The game was dominated by its youngest player: 18-year old Pakistan legspinner Shadab Khan who enjoyed a debut that bordered on the surreal. He took three wickets with his first eight balls in international cricket as West Indies slumped to 49 for 6. Carlos Brathwaite and Kieron Pollard came together, and two of the game’s most fearsome hitters were forced to play a consolidating role. Brathwaite managed to inject some momentum in the closing overs, but all that ensured was his side just about managed to get to three figures.

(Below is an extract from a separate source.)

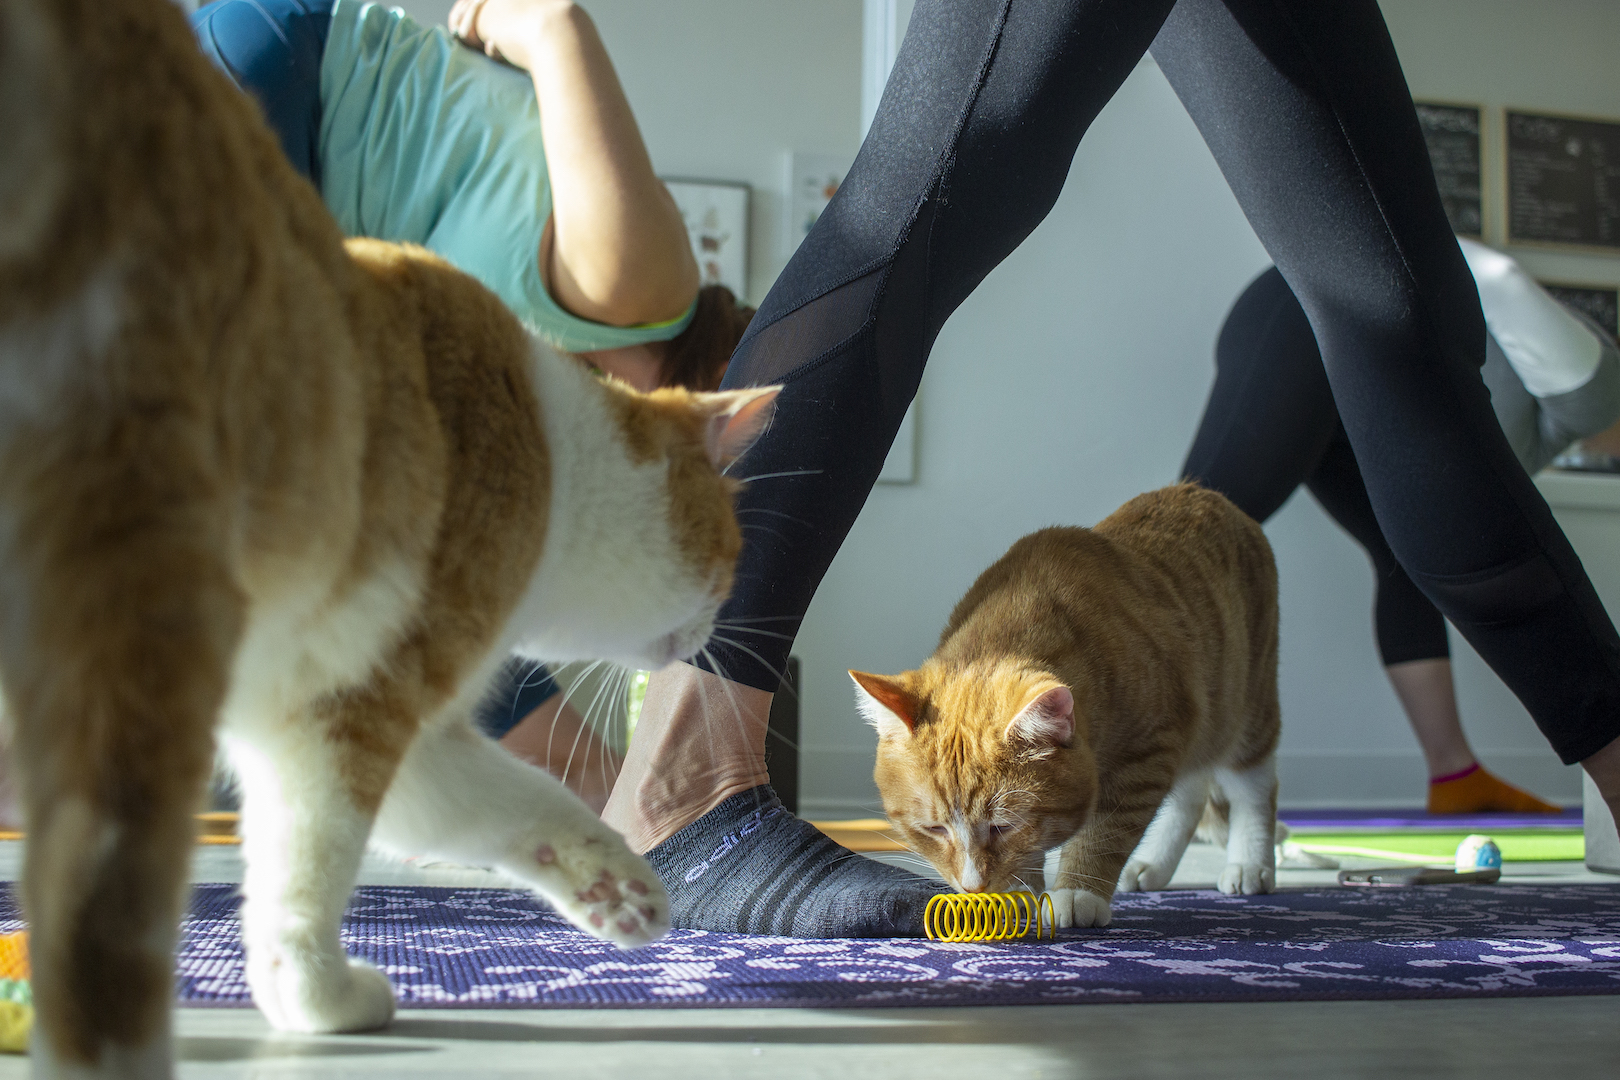 Cats wander between people's legs as they do yoga at a cat cafe

Pakistan weren’t authoritative in response, with Kamran Akmal and Ahmed Shehzad reminding everyone why they have spent long stints in international wilderness. However, with the asking rate never rising above six, West Indies’ spirited display in the field merely delayed the inevitable.
Where the game was won
It has often seemed no total is too small for Pakistan not to slip up on. Here, they slipped to 49 for 3. But the in-form pair of Malik and Babar, quickly establishing a reputation for consistency, had the clear-headedness to steer the chase with risk-free cricket. They rotated the strike regularly and picked off the poor deliveries to eat into the target. By the time Babar sliced a catch to short third man, Pakistan needed only 18 runs off five overs. The hard work had been done.
The men that won it
Shadab Khan may have been warned by his teammates how playing for Islamabad United was far different to playing for Pakistan, that too in an away game. However, the 18-year old made a mockery of the step up, snaring Chadwick Walton and Lendl Simmons within four deliveries. Walton didn’t pick the googly while Simmons dragged a legspinning delivery onto the stumps. Remarkably, Shadab’s figures of 4-0-7-3 could have been even better had Kamran Akmal, fielding at backward point, not put down a regulation catch.
The streaks continue
This win means Pakistan have now triumphed in each of their last five T20Is, four of them against the West Indies – the other was a commanding nine-wicket win over England. They are unbeaten since losing to Australia at the World T20 last year, and Sarfraz boasts a 100 percent win record in his five games as Pakistan captain in the format. West Indies’ losing run, on the other hand, stretches to four – all of them against Pakistan – and have only won one T20 in the six they’ve played since being crowned World T20 champions in India last year.
Moment of the match
If the PSL was a dream of sorts for Kamran, he was brought sharply back to reality over the course of the afternoon’s events. Playing his first international in nearly three years, with captain Sarfraz having taken over the wicketkeeping role, Kamran was tasked with patrolling the backward point area as Shadab bowled. If he was hoping for an uneventful afternoon, he was to be disappointed. With Shadab’s figures reading three wickets for three runs, Pollard sliced one, headed for what seemed a straightforward catch to Kamran. The 35-year old was painfully slow to move towards the ball, and though he reached it in time, put it down, burnishing his reputation for butterfingers even further.
What was more, this was only the second time Kamran was playing as a specialist batsman. The other came in a game against South Africa in 2007. He had dropped a catch then too, Loots Bosman being the batsman reprieved.
Where they stand
Pakistan take a 1-0 lead. The series now moves to Trinidad & Tobago, where the remaining three matches will be played.